Termination of parental rights under the egregious harm provision requires more than a child experiencing egregious harm in the parents care. Minn. Stat. 260C.301, subd. 1(b)(6). It also requires a finding that the egregious harm is of a nature, duration, or chronicity that indicates a lack of regard for the childs well-being, such that a reasonable person would believe it contrary to the best interest of the child or of any child to be in the parents care. Id. We now address Mothers argument that, under the egregious harm provision, the rights of a parent who has not inflicted egregious harm may not be terminated unless that parent either knew or should have known that egregious harm occurred.
Where a parent has not personally inflicted egregious harm on the child, it is difficult to conceive how the nature, duration, or chronicity of that harm could indicate that parents lack of regard for the well-being of the child unless that parent were somehow aware of the harm and its cause. Stated differently, the mere fact that a child experienced egregious harm does not indicate a lack of regard for the well-being of the child on the part of a parent who did not personally inflict the egregious harm, did not actually know about the harm, and could not have been expected to know about the harm. Interpreting the egregious harm provision to permit termination where a parent did not know and could not have been expected to know that a child experienced egregious harm would contradict the statutory requirement that the nature, duration, or chronicity [of the egregious harm] indicates a lack of regard for the childs well-being. Minn. Stat. 260C.301, subd. 1(b)(6). The language of the egregious harm provision, taken as a whole, does not support termination of parental rights where a parent neither knew nor should have known that a child experienced egregious harm.
Therefore, we hold that to terminate the rights of a parent who has not personally inflicted egregious harm on a child, a court must find that the parent either knew or should have known that the child had experienced egregious harm. As with findings addressing other statutory criteria in termination cases, the court must find that the non-perpetrating parent knew or should have known that egregious harm occurred by clear and convincing evidence. See Minn. Stat. 260C.163, subd. 1(a) (2006) (To be proved at trial, allegations of a petition alleging a child to be in need of protection or services must be proved by clear and convincing evidence.); In re Children of T.A.A., 702 N.W.2d 703, 708 (Minn. 2005) (In reviewing a decision to terminate parental rights, the appellate court determines whether there is clear and convincing evidence to support at least one statutory ground for termination * * * .).

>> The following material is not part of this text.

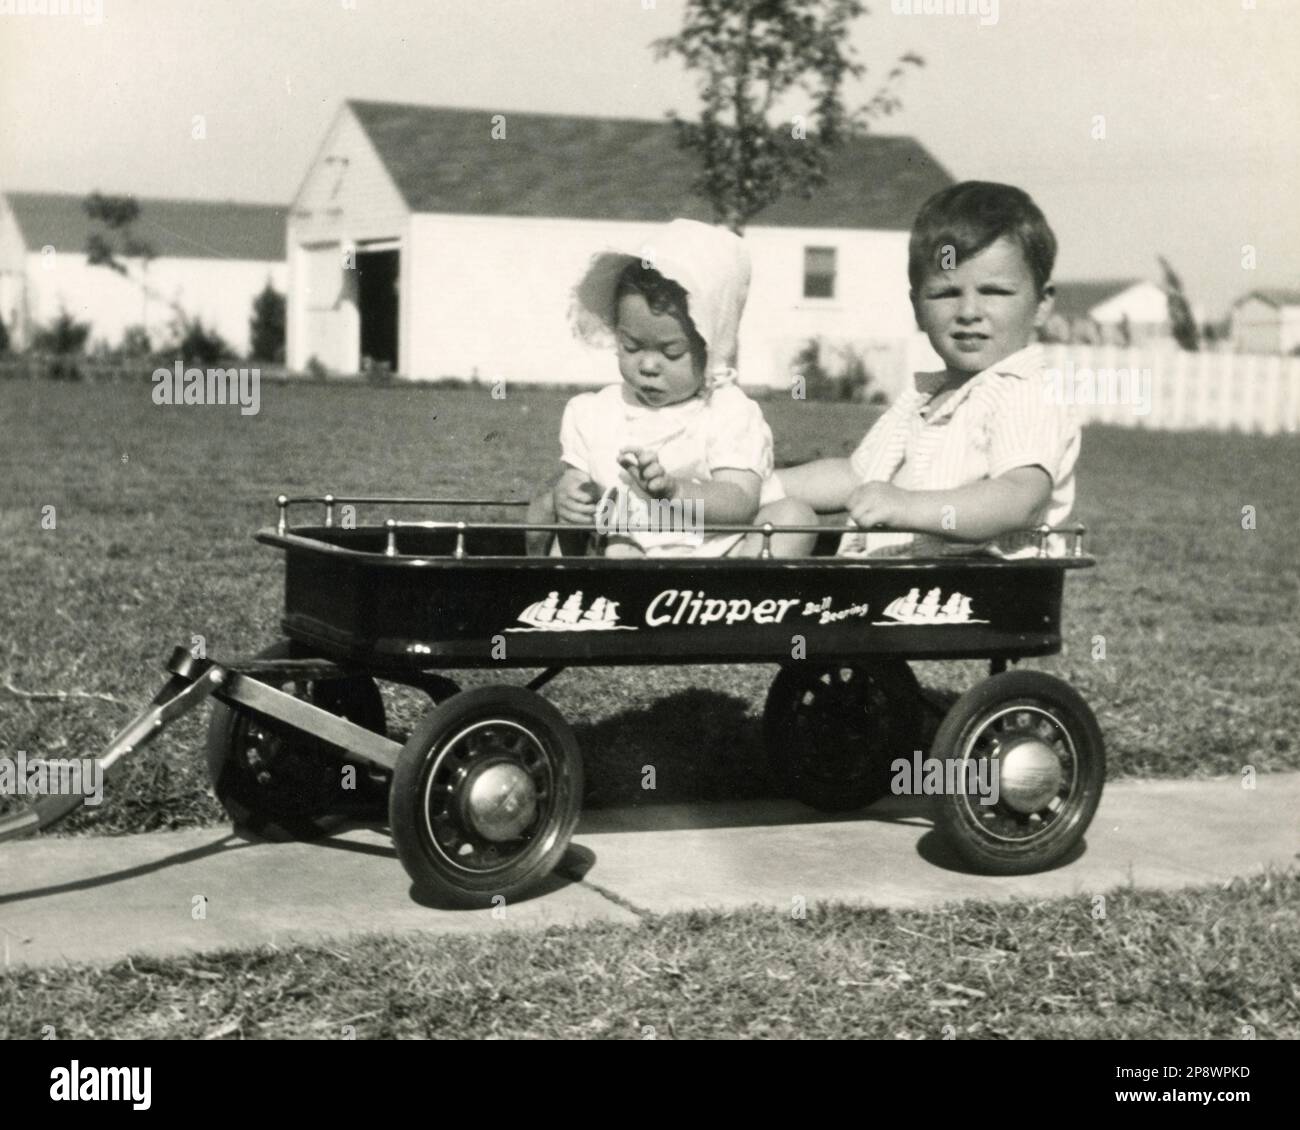 Little Red Wagon, Children in Yankee Clipper Wagon, Children Playing, about 1930s, 1940s 1950s Stock Photo

The district court made several findings and conclusions related to Mothers lack of regard for K.L.P.s well-being as a result of the nature, duration, or chronicity of the egregious harm K.L.P. experienced. The court of appeals rejected Mothers argument that the evidence against her was not clear and convincing as to her culpability, relying on the district courts finding that the harm to K.L.P. occurred while K.L.P. was in the parents care either jointly or individually. In re Welfare of Child of T.P. & P.P., 2007 WL 2178052, at *4. But none of the district courts findings or conclusions specifically addresses the knew or should have known standard we announce here. As a result, we are unable to determine from the record whether Mother knew or should have known that K.L.P. experienced egregious harm. Therefore, we reverse the decision of the court of appeals affirming the termination of Mothers parental rights and remand to the district court to address whether there is clear and convincing evidence that Mother knew or should have known that the bruising and the fractures K.L.P. sustained occurred as a result of some conduct satisfying the egregious harm definition.
Affirmed in part, reversed in part, and remanded for further proceedings consistent with this opinion.
DIETZEN, J., not having been a member of this court at the time of the argument and submission, took no part in the consideration or decision of this case.